About the last point – getting the artifacts from the repository, this possible with JFrog’s JavaFX plugin (APL v2) – http://wiki.jfrog.org/confluence/display/JP/JavaFX+Maven+Plugin
When using this plugin with the pro version of Artifactory, you also get all jars auto-signed on the repository with a server side key-pair, and you can serve them from Artifactory with a dynamically generated JNLP that includes repository-URLs for all resources. There is a demo of this here: http://wiki.jfrog.org/confluence/display/RTF/WebStart+and+Jar+Signing
I didn’t see a way that the JFrog plugin would let you point the jar resources directly to your repository when I tried it out; I see it can generate relative package-style URLs to the files within the codebase the same as the Codehaus plugin, e.g.

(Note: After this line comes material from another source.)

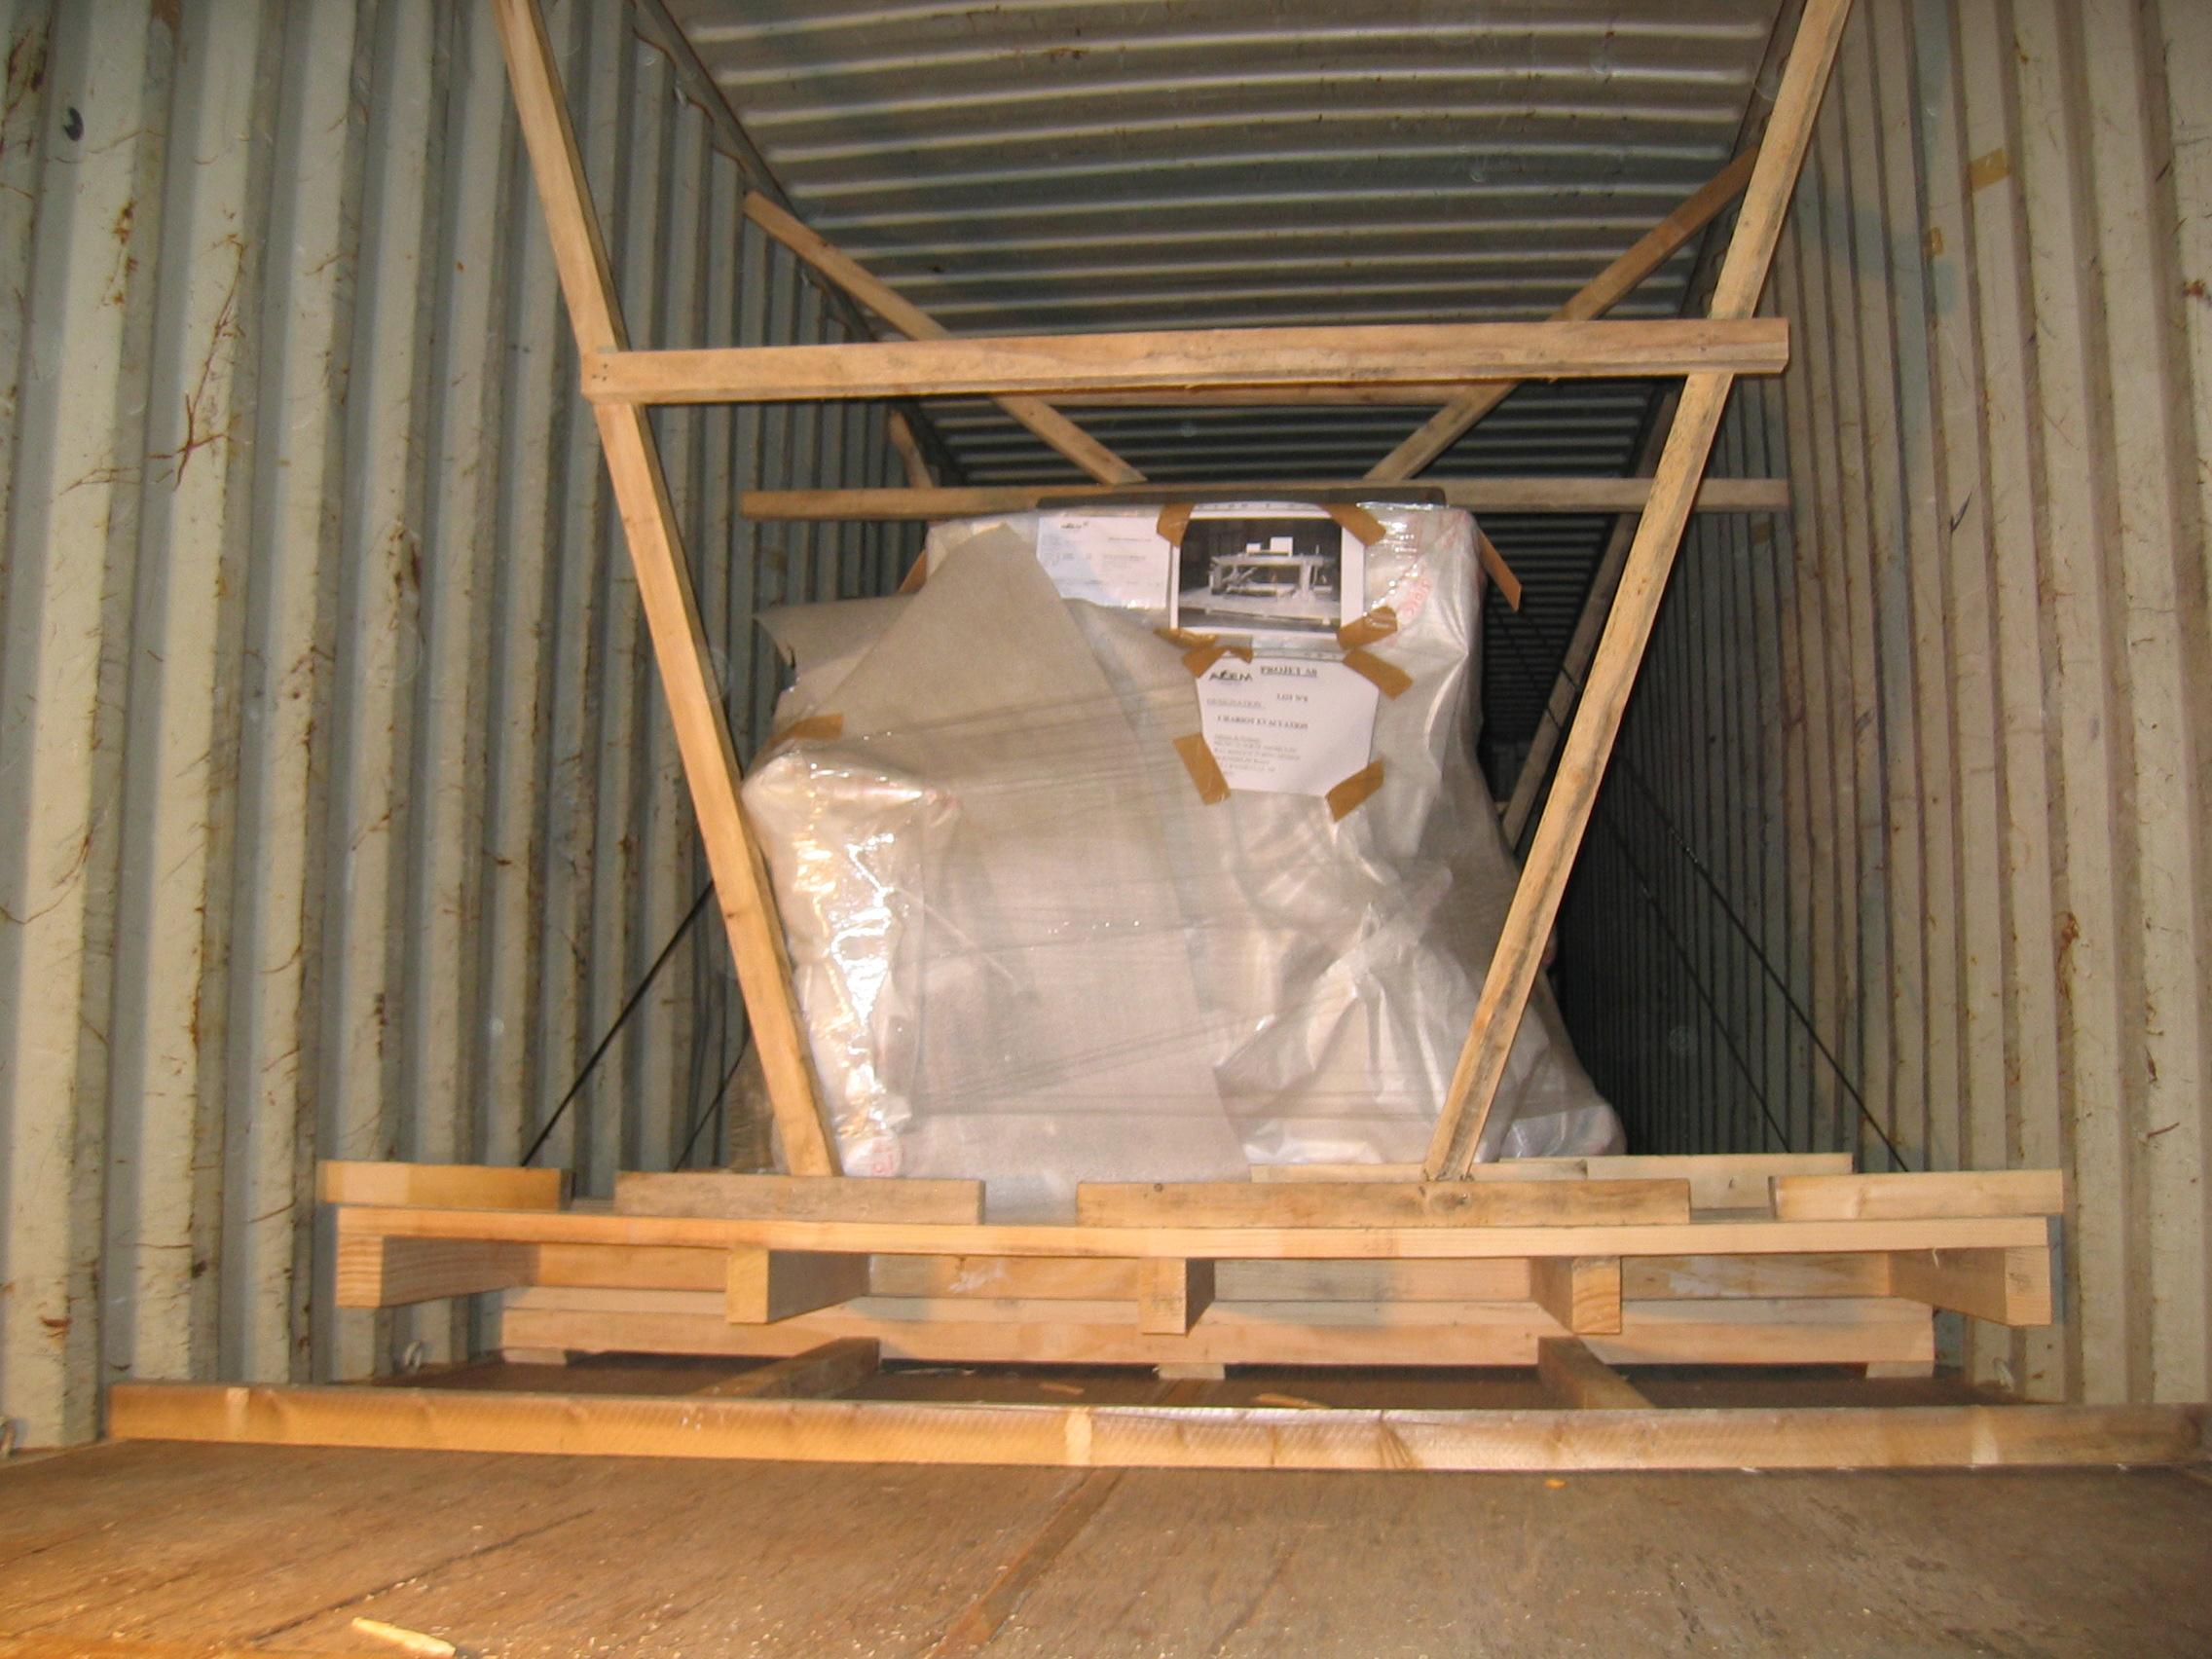 Mise en container et condannation par plomb - lagreulet SA (2)

<jar href="com/example/artifact/artifact-1.1.jar"/>
, but what I was trying to accomplish was<jar href="http://repository/release/com/example/artifact/artifact-1.1.jar"/>
. (The demo doesn’t show that either; I don’t think it’s actually allowed.)I’d be hesitant to rely on specific repository software for the signing and JNLP; I like the content of my artifacts to be consistent before deployment and thus independent of the retrieval mechanism. In the right situation I can see it being handy though.
Just noticed a few instances where repository-specific paths slipped into the example; there’s nothing repository- or software-specific about the pattern, so I’ve excised them.